If we take the Ln(2.02) errors,
we see they are symmetrical with the Ln(2) errors.

ln(2.02)
exp( 7.030975114E-01 ) = 2.000000 , 0.990 % error
is equivalent to:
ln(2) + ( ln(1.01) x 1 )
exp( 7.030975114E-01 ) = 2.000000 , 0.990 % error

ln(2.02) + ( ln(1.01) x 2 )
exp( 7.229981731E-01 ) = 2.040200 , 0.990 % error
is equivalent to:
ln(2) + ( ln(1.01) x 3 )
exp( 7.229981731E-01 ) = 2.040200 , 0.990 % error

ln(2.02) + ( ln(1.01) x 4 )
exp( 7.428988348E-01 ) = 2.081208 , 0.990 % error
is equivalent to:
ln(2) + ( ln(1.01) x 5 )
exp( 7.428988348E-01 ) = 2.081208 , 0.990 % error

I think we can conclude, that HP should have expressed their
HP35 Errata in terms of Ln(1.01) , Ln(1.1) and LN(2).

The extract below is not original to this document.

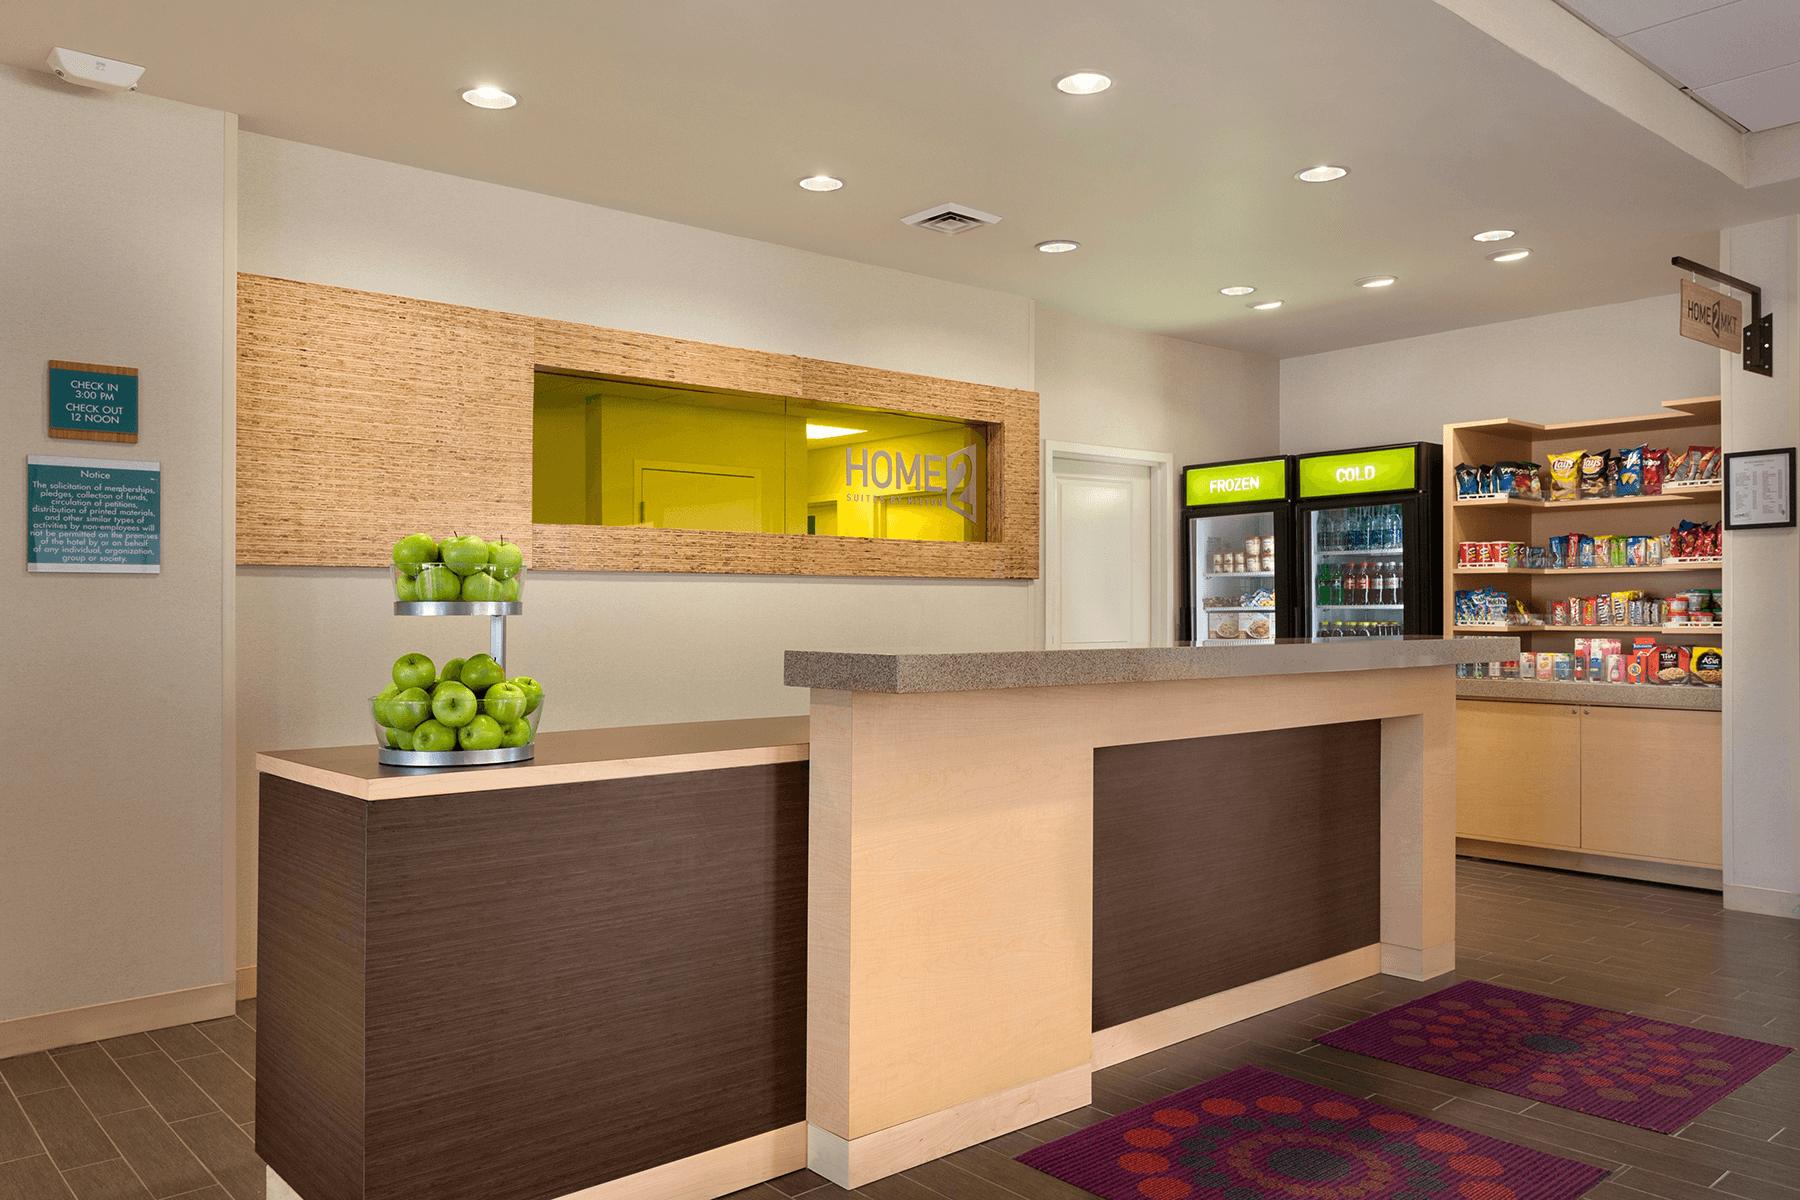 Home2 Market - Convenience Store
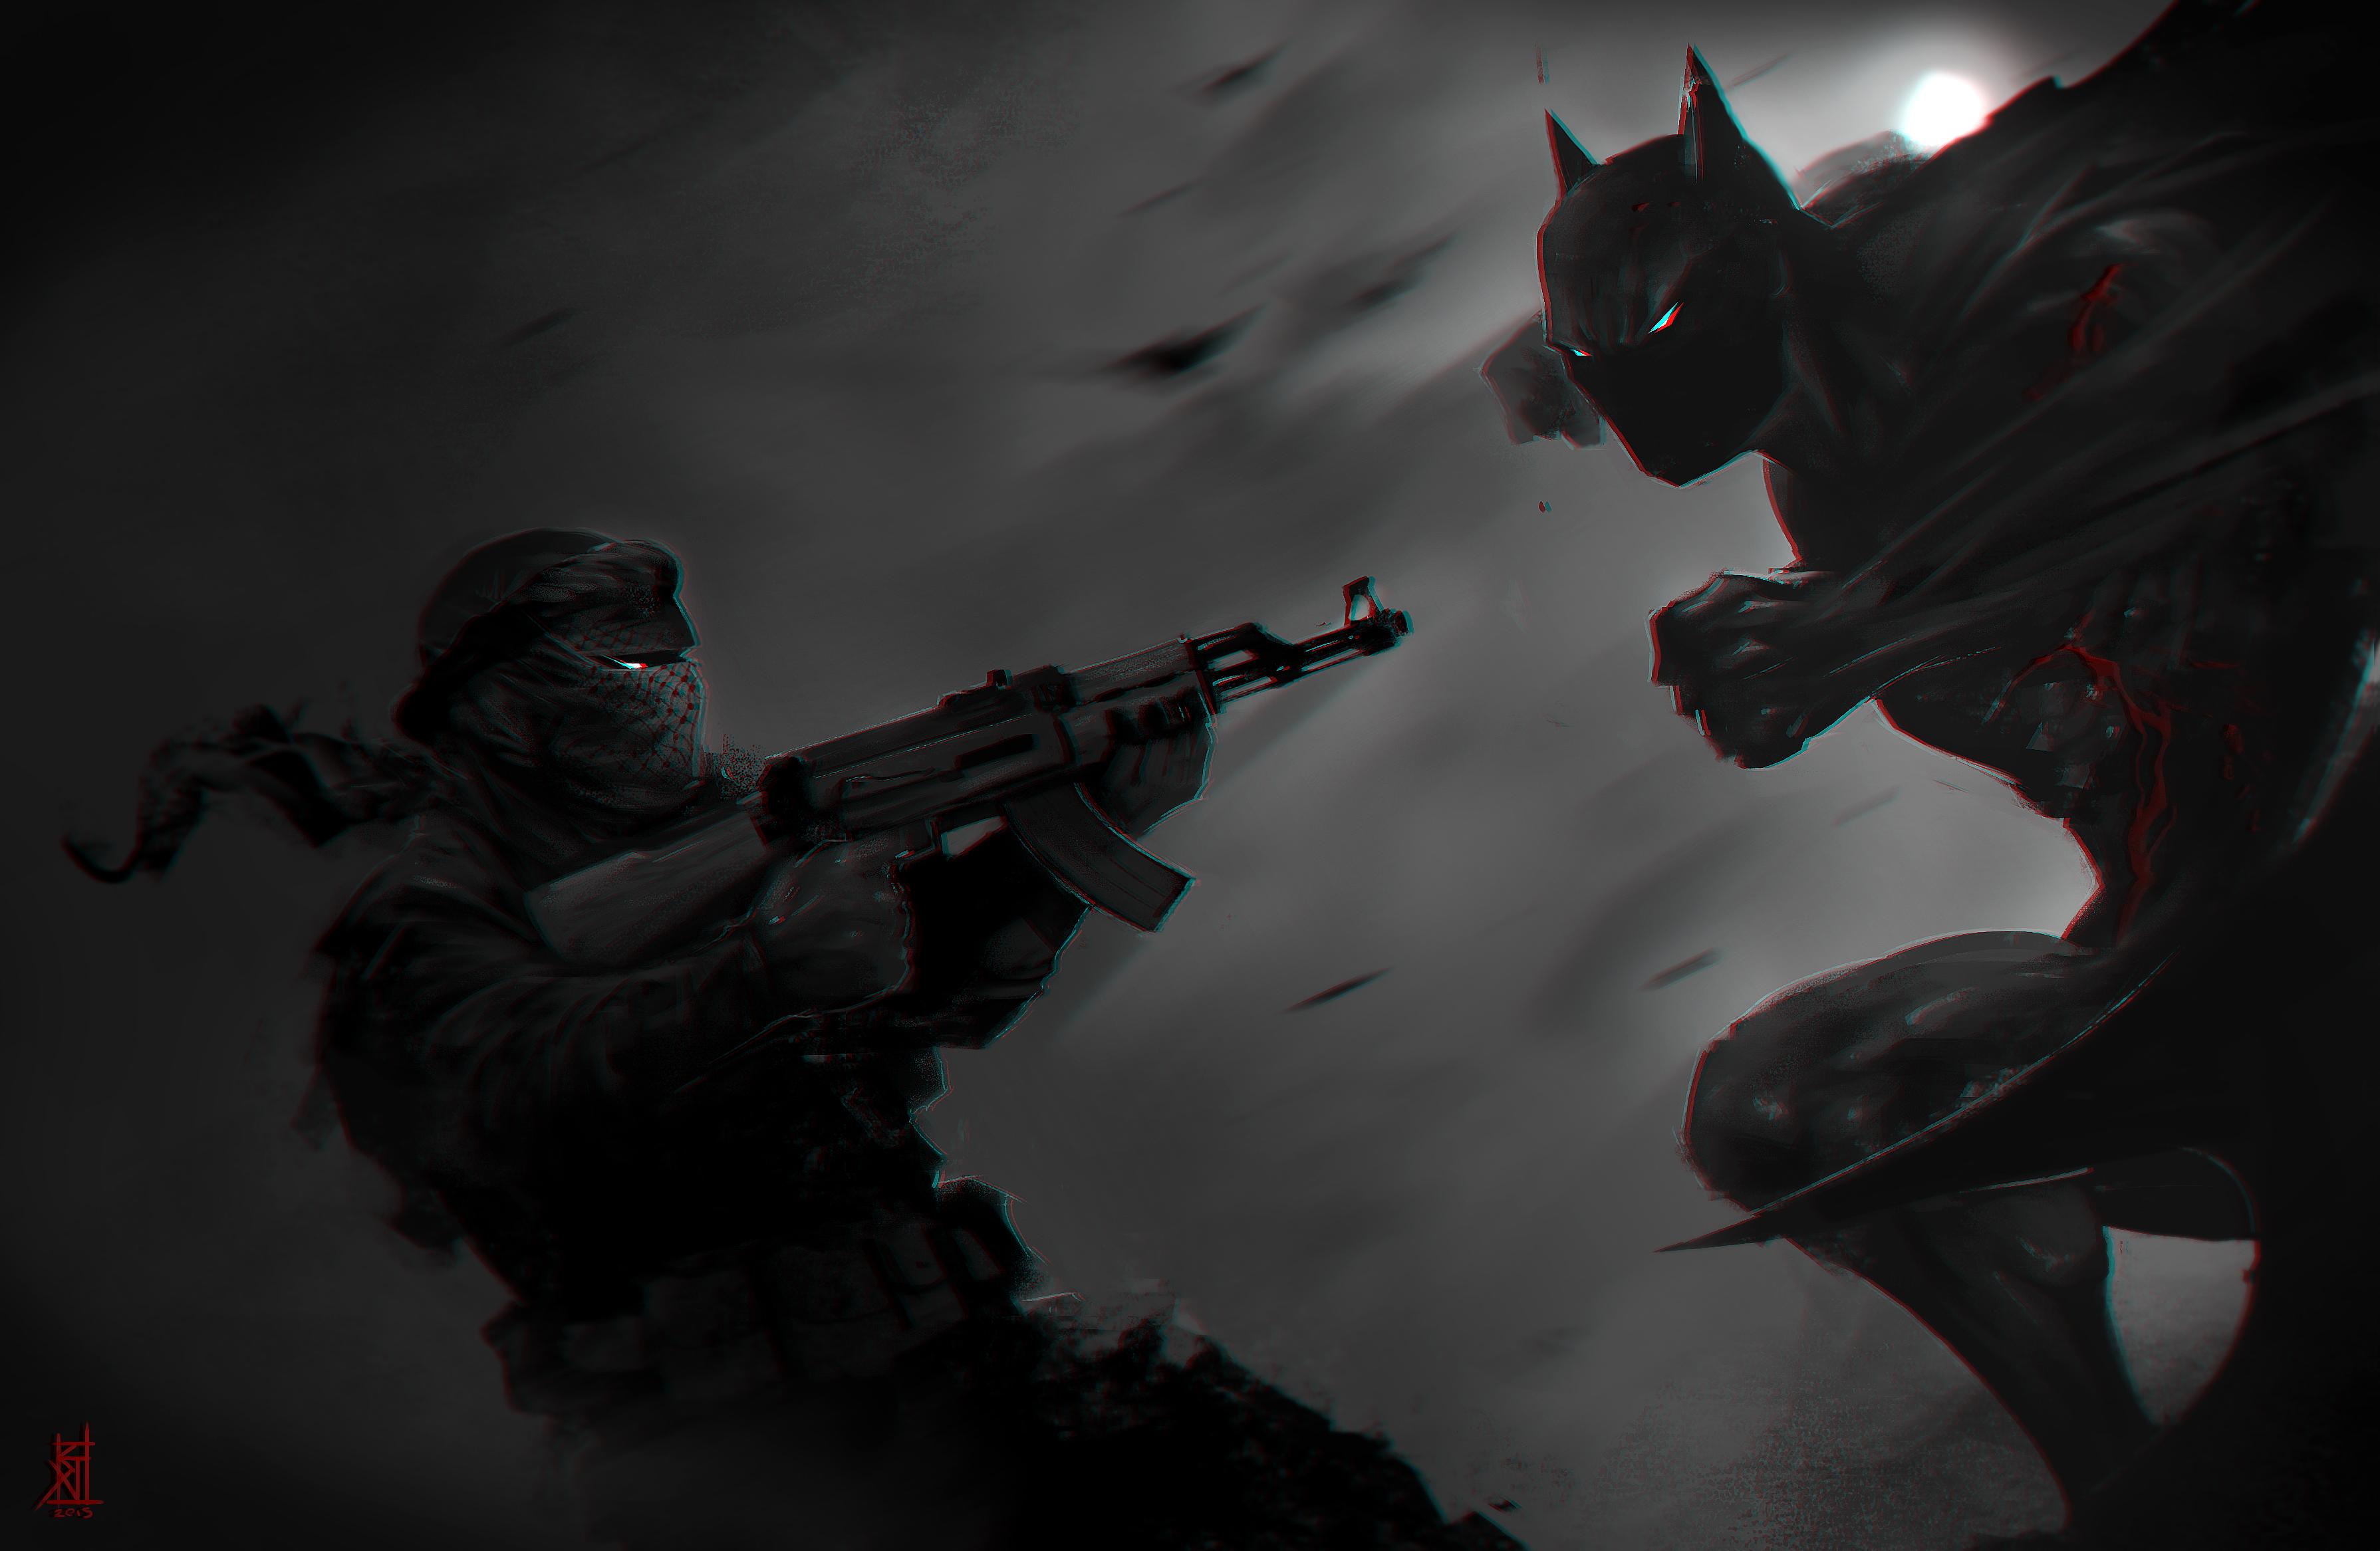 Superhero AK 47 Fight Batman Dark Soldier Assault Rifle 3579x2333

We can also see from above, that not ALL values of
LN(1.01) k = 1 to 9 produce errors with LN(1.1) and LN(2).

Although I am reasonably sure the above list of exp(X) errors
is complete, not all are symmetrical with the expression exp(ln(X))

I think the full list in this form of original HP35 errors would be:

exp(ln(1.0201))

exp(ln(1.04060401))

exp(ln(1.12211))

exp(ln(2.02))

exp(ln(2.060602))

Regards, Geoff Hitchcox (Christchurch, New Zealand).